Florida is poised to reverse a longstanding ban on needle exchanges and allow counties statewide to approve their own programs, after state House lawmakers voted nearly unanimously for the proposal and sent the bill back to the Senate for final approval.
The legislation — CS/HB 171 in the House and CS/SB 366 in the Senate — would expand a pilot needle exchange program in Miami-Dade that state lawmakers approved for a five-year test run in 2016. That program has allowed injection drug users to trade dirty needles for clean ones without cost, distributed overdose-reversing naloxone and connected users to wound care and drug treatment.
More than 250,000 needles have been collected since the pilot program began, and the program has signed up more than 1,000 participants since the end of 2016. It has also reversed more than 1,000 overdoses through naloxone it distributes to those served, and the county’s number of opioid-related deaths has dipped despite a rise in those numbers elsewhere across the state.
The bill, which would require county commissions to approve any programs in their jurisdiction, would mean that counties where local officials are opposed are still unlikely to see any programs.
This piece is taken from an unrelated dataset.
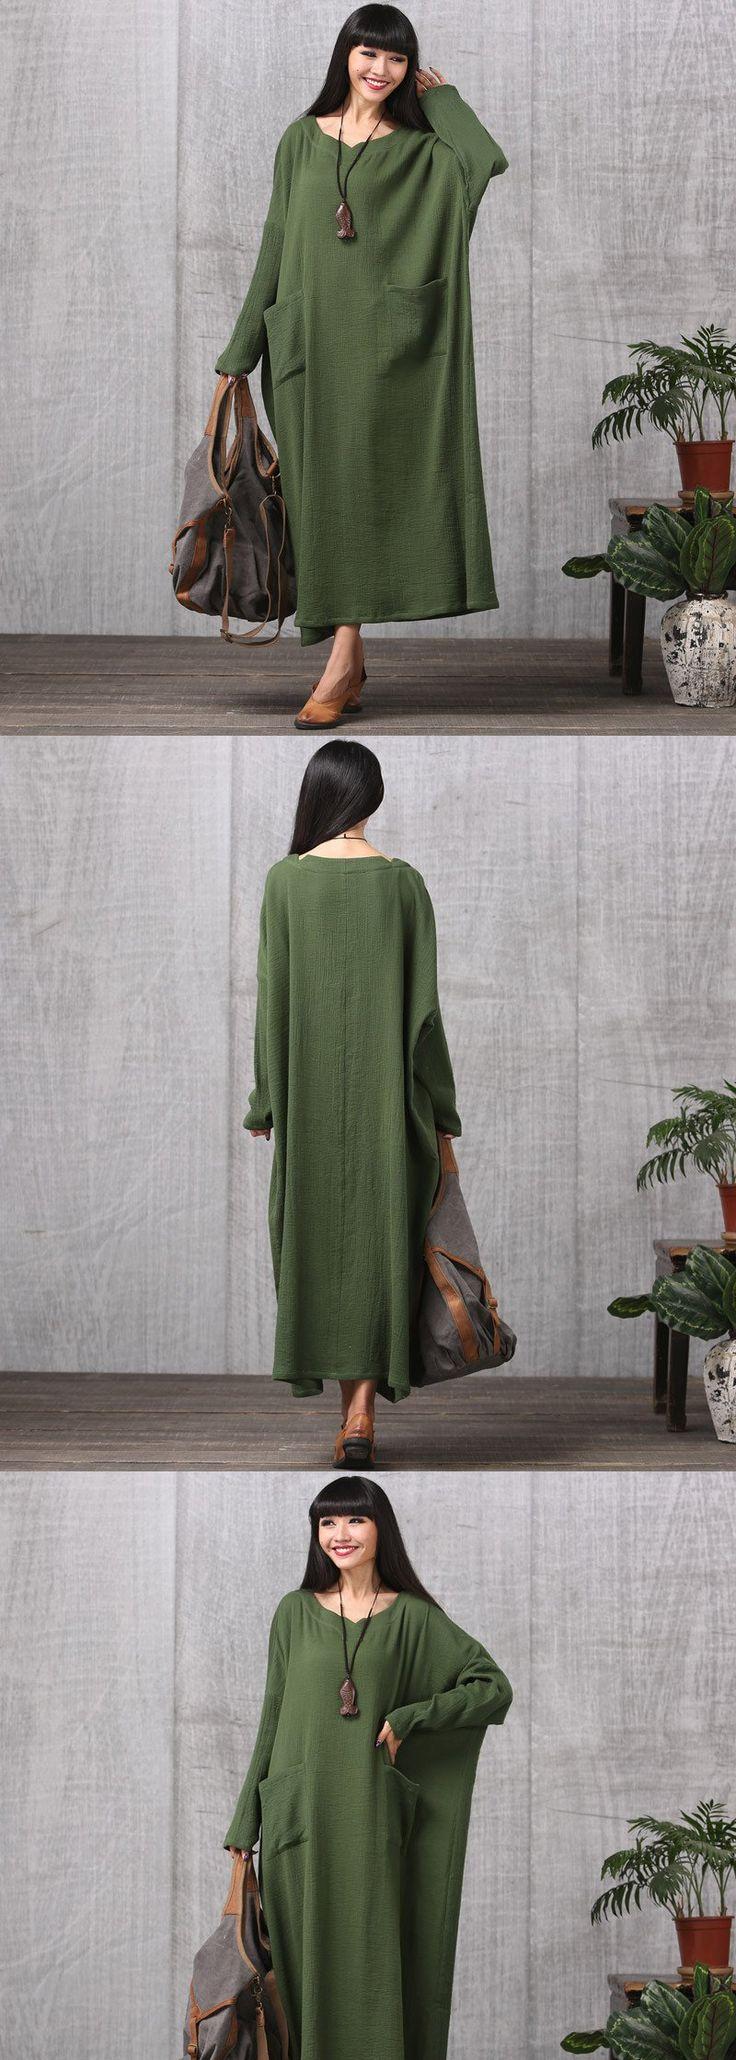 Plus Size Cotton Linen Casual Long Sleeve Autumn Dress $79.00

But officials in several larger urban counties, including Broward and Palm Beach, have already signaled interest.
Rep. Shevrin Jones, D-West Park, a co-sponsor of the bill, told lawmakers Wednesday night that the proposal had helped prevent hundreds of overdose deaths and helped curb HIV outbreaks in the county.
“This program has and is still saving lives,” he said.
In clearing the House by a 111-3 vote, the long-proposed measure to permit needle exchanges cleared a critical hurdle — the Legislature’s lower chamber has historically opposed efforts to allow such programs since the pilot program was first proposed seven years ago.
Lawmakers had been initially concerned that providing clean needles would enable more drug use rather than less, despite similar programs in other states that had had positive results. But as opioid deaths and injection drug use rose, the Legislature signed off on allowing Miami-Dade to try out such a program as a preventive measure that could fend off diseases spread by reused needles and encourage users to tap into treatment and testing.
This year, the bill also had the backing of Speaker José Oliva, R-Miami Lakes, who changed his personal position on needle exchanges after visiting the Miami-Dade program’s Overtown clinic late last year. He told reporters earlier in the session that he still had concerns but had been swayed by the results coming out of the program, provided that the legislation required future programs to use only private funds.
The House on Wednesday took up the Senate’s bill, but amended the proposal to reflect two of the main differences in its own version: prohibiting county funds from being used to operate such programs, and being stricter in enforcing a requirement that dirty needles be exchanged on a one-to-one basis for clean ones.
The Senate will need to decide whether or not to accept those changes when the bill is sent over, though it is expected to take up the changes, said Hansel Tookes, the University of Miami doctor who runs the pilot program and has spearheaded the effort to bring needle exchanges to Florida. The legislation could be heard as early as next week.
As the bill passed the House late Wednesday night, Tookes was watching in the gallery with a small group of advocates, including mothers Cindy Dodds and Joy Fishman, who had lost their sons to drug use. Also with them in the gallery was advocate Julia Negron, who has pushed for needle exchange programs where she is based in Sarasota.
As they waited for lawmakers to take up their bill, Fishman and Dodds spoke quietly.
“This is one more tool in our toolbelt,” Dodds said of needle exchanges.
Fishman also cast the bill as a way to save lives like that of their sons.
“Today, he would be treated with much more compassion and dignity,” she said. “That’s what the needle exchange does.”
Before lawmakers voted, Tookes and his colleagues were recognized by Jones on the floor for their work. Tookes reflected on the opposition the program had faced when he first came to Tallahassee in 2012. Since then, he said, he had been encouraged by how willing people had been to reconsider their positions, “that people were able to learn about it.”
“It makes me proud of government,” he said.